Solved – Methods to compare and analyze two columns in a dataset

agreement-statisticsrregression

I have a large dataset containing many different variables of weather, now I'm interested in comparing two columns with value of temp (call them V1 and V2), where V2 is the actual temp and V1 is the temp recorded by some air quality machines, each column has 35 values (temp recorded every hour for 35 hours) I need some method to tell how accurate this machine can report the temp by comparing the data with the actual temp. I tried to find the standard error using V1 and V2, but it doesn't seem to tell me anything. I need some numbers or explanations to show someone else how good is their product or what their problems are….Should I try fitting some regression lines for V2 and scatter plot V1 around it?
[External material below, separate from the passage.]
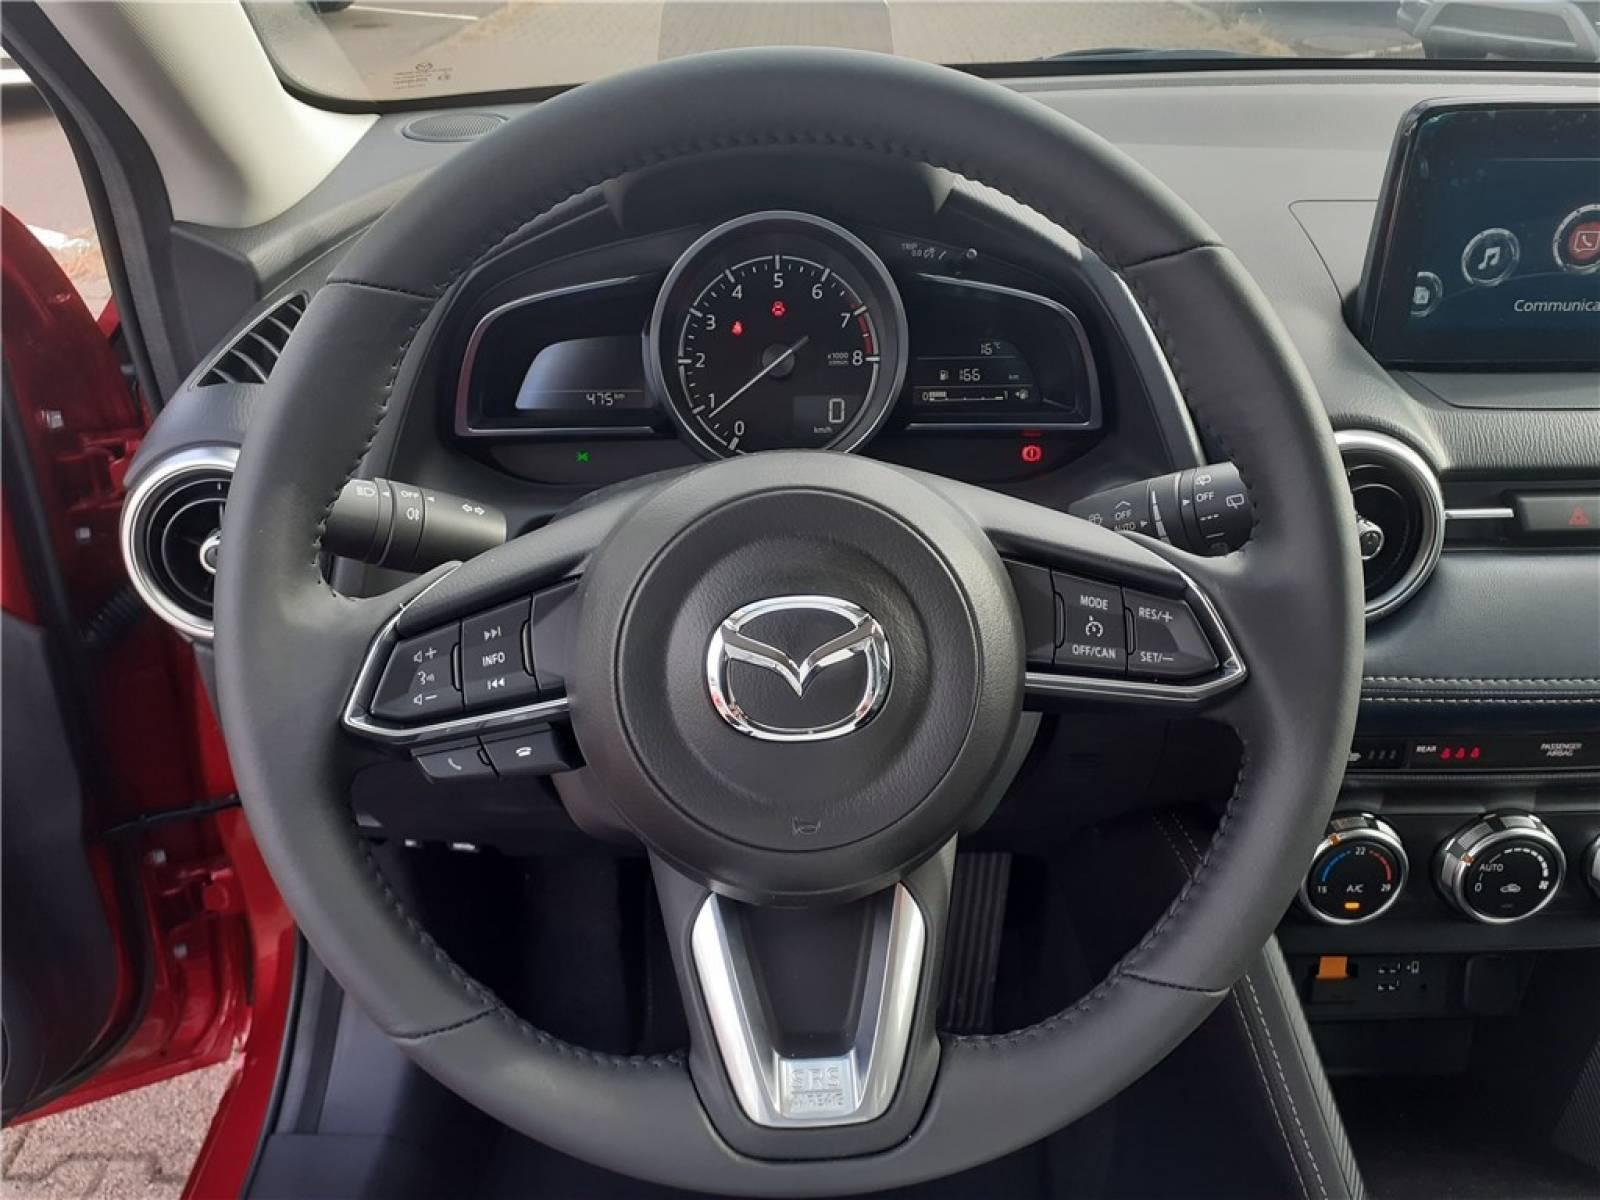 MAZDA Mazda2 1.5L SKYACTIV-G M Hybrid 90ch - véhicule d'occasion - Groupe Guillet - Chalon Automobiles - 71100 - Chalon-sur-Saône - 22

I need to use R for this.

I don't know if this will help, but here is a graph of V1 and V2 (really not very accurate…):

V1=blue,V2=red

Best Answer

From a statistical point of view, you are looking for measures of agreement. Fitting a regression model is a common and intuitive idea, but it doesn't measure agreement. To assess agreement, you can use Lin's concordance coefficient or the methods of Bland and Altman.

  • In R, I see that there is a function for the concordance coefficient in the epiR package (?epi.ccc)
  • In R, you can make Bland-Altman plots using the BlandAltmanLeh package. The vignette has some introductory information.

On the other hand, if you want to do calibration, or want to determine a prediction equation to convert the machine's readings to the best guess of what the temperature would be by the other method, then regression may be helpful.